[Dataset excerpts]

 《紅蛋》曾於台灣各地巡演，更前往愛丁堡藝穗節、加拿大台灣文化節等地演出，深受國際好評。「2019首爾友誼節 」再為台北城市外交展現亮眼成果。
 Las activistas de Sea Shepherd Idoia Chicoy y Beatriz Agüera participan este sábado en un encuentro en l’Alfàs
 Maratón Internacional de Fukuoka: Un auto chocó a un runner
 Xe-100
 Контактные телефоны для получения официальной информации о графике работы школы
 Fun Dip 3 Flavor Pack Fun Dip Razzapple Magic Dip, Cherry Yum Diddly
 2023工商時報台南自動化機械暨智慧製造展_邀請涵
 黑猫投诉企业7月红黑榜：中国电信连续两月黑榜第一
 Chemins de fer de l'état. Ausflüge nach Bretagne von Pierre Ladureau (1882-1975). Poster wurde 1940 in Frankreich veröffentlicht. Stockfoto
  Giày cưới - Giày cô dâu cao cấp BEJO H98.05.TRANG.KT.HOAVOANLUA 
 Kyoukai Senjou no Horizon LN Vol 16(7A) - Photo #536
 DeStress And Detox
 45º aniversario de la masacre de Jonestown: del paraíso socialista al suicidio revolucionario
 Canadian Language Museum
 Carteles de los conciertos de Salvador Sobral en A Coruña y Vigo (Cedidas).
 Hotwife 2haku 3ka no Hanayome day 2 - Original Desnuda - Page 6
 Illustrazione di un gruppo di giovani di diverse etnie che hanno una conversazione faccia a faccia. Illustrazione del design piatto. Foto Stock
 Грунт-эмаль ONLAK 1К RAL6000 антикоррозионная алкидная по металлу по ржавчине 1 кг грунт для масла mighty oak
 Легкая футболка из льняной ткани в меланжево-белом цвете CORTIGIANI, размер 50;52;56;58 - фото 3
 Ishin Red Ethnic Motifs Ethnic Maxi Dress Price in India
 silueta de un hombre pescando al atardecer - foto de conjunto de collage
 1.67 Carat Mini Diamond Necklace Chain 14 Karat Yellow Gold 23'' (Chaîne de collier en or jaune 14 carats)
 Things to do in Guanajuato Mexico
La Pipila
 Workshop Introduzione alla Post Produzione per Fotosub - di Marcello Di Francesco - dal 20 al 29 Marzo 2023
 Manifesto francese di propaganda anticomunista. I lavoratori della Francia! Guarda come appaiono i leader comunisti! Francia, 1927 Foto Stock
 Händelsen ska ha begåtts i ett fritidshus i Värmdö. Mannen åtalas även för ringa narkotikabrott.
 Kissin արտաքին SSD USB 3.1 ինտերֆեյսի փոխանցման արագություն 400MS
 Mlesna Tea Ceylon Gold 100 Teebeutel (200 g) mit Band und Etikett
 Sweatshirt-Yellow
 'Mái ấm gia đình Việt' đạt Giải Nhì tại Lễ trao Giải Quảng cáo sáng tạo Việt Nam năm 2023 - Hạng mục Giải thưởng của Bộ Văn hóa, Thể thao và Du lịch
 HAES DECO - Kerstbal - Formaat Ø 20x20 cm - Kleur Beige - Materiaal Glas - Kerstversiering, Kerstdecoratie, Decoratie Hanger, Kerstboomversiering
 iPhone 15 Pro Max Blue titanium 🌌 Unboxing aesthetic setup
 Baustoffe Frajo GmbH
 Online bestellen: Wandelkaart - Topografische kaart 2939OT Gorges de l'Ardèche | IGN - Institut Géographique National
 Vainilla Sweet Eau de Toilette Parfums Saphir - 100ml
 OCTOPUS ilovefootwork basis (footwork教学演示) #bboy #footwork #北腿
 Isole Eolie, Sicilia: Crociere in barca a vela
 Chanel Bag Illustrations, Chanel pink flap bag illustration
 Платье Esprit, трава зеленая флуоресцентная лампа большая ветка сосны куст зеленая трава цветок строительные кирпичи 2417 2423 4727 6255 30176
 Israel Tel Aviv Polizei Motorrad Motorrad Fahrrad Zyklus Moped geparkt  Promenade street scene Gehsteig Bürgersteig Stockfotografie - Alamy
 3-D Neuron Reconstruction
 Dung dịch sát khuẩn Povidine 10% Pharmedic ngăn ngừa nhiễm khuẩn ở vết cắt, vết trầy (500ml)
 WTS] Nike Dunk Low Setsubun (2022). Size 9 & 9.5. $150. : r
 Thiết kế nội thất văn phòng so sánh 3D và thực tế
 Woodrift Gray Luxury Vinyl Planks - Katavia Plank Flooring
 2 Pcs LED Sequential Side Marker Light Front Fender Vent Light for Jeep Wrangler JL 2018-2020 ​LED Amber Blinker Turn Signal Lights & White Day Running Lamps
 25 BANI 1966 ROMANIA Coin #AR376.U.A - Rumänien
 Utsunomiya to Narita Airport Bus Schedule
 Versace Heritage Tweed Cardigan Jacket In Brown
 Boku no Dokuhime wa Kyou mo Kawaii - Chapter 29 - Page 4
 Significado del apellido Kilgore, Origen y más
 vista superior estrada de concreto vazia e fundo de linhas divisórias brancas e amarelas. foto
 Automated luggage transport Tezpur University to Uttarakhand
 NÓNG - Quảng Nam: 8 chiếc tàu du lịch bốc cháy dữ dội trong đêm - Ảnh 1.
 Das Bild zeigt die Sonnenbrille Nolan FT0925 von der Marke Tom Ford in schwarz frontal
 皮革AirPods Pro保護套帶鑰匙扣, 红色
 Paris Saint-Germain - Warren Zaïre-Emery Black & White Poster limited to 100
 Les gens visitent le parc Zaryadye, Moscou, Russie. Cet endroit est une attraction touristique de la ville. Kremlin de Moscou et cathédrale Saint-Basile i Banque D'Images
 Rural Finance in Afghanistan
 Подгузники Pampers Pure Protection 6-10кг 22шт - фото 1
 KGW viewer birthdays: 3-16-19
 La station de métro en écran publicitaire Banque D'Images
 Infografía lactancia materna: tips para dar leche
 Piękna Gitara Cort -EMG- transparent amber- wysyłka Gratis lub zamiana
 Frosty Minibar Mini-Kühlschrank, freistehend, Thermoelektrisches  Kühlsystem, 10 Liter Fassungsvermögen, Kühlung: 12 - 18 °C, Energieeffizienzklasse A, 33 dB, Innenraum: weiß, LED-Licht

◆ Problem details: As the answer, set down only the lines from the data above between the one holding "Платье Esprit, трава" and the one holding "3-D Neuron Reconstruction", inclusive, exactly as they read.

◆ Problem solution:
 Платье Esprit, трава зеленая флуоресцентная лампа большая ветка сосны куст зеленая трава цветок строительные кирпичи 2417 2423 4727 6255 30176
 Israel Tel Aviv Polizei Motorrad Motorrad Fahrrad Zyklus Moped geparkt  Promenade street scene Gehsteig Bürgersteig Stockfotografie - Alamy
 3-D Neuron Reconstruction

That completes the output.